Uzun vadeli "Genç Finlilerde Kardiyovasküler Risk" çalışması kapsamında yapılan büyük bir Finlandiya projesi, 41 ila 56 yaşındaki yetişkinlerde beyinle ilgili biyobelirteçlerin yüksek seviyede olduğunu tespit etti. Bu durum, Alzheimer'la bağlantılı biyolojik değişimlerin genellikle semptomlar görülmeden onlarca yıl önce başladığına işaret ediyor.

Ebeveynlerin ve özellikle annelerin biyobelirteç düzeylerinin, çocuklarda da benzer örüntülerle ilişkili olabileceğinin aktarıldığı çalışmada, potansiyel bir kalıtsal bileşenin altı çiziliyor.

Çalışmaya toplam 2 bin 51 kişi katıldı: 1237'si 41 ila 56 yaşındaki orta yaşlı yetişkinler, 814'ü ise 59 ila 90 yaşındaki ebeveynleriydi.

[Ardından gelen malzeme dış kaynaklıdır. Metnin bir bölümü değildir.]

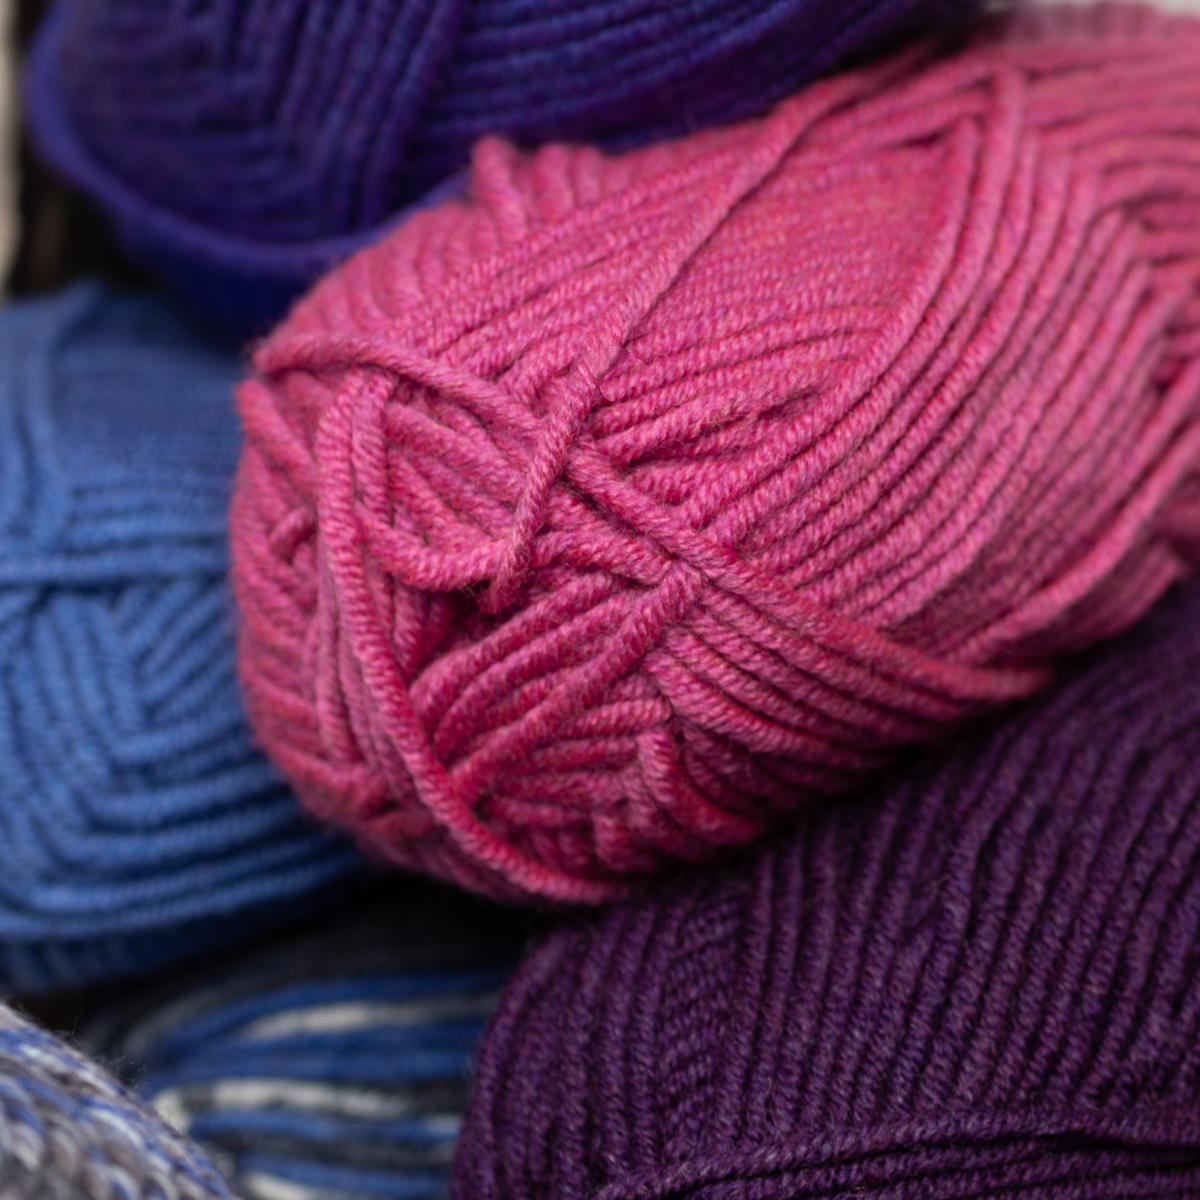 3pk-Lion-Brand-Woolspun-Acrylic-amp-Wool-Yarn-Bulky-5-Knit-Crocheting-Skeins-Soft thumbnail 50

Turku Üniversitesi'nden araştırmacıların yürüttüğü çalışma The Lancet'ın Healthy Longevity adlı hakemli dergisinde yayımlandı.

Turku Üniversitesi Uygulamalı ve Önleyici Kardiyovasküler Tıp Araştırma Merkezi'nden kıdemli araştırmacı Suvi Rovio, "Halihazırda klinik uygulamada, Alzheimer'la ilişkili beta-amiloid patolojisini tespit etmek için görüntüleme çalışmaları veya beyin omurilik sıvısı örneği gerekiyor" diyor.

Ancak yakın zamanda geliştirilen ultra hassas ölçüm teknolojileri artık Alzheimer hastalığıyla ilişkili beyin biyobelirteçlerinin, kan örneklerinden tespit edilmesine olanak sağlıyor.

Araştırmacılar ileri yaş ve böbrek hastalığı gibi bazı faktörlerin, bilişsel gerileme başlamadan önce bile daha yüksek biyobelirteç seviyeleriyle bağlantılı olduğunu saptadı.

Ayrıca Alzheimer'ın bilinen bir genetik risk faktörü olan APOE ε4 geninin, yaşlı bireylerde daha yüksek biyobelirteç seviyeleriyle ilişkili olduğunu ancak görünüşe göre 60 yaşın altındakilerde seviyeleri henüz etkilemediğini tespit ettiler.

Ancak araştırmacılar, kan testlerinin henüz teşhis için uygun olmadığı uyarısında bulunuyor.

Rovio, "Gelecekte Alzheimer hastalığı teşhisinde kan bazlı biyobelirteçlerin güvenilir bir şekilde kullanılabilmesi için, referans değerlerin standartlaştırılması amacıyla farklı popülasyonlar ve yaş grupları arasında daha fazla araştırma yapılması gerekiyor" diyor.

Projede yer alan bir diğer kıdemli araştırmacı Marja Heiskanen bulguların, orta yaştan itibaren beyin sağlığına ilişkin yeni bilgiler sunduğunu söylüyor.

Heiskanen "Şimdiye kadar Alzheimer hastalığıyla ilişkili beyin biyobelirteçleri çoğunlukla yaşlı bireylerde incelenmişti. Çalışmamız, orta yaştan itibaren biyobelirteç seviyeleri ve ilişkili faktörler hakkında yeni bilgiler sağlıyor" ifadelerini kullanıyor.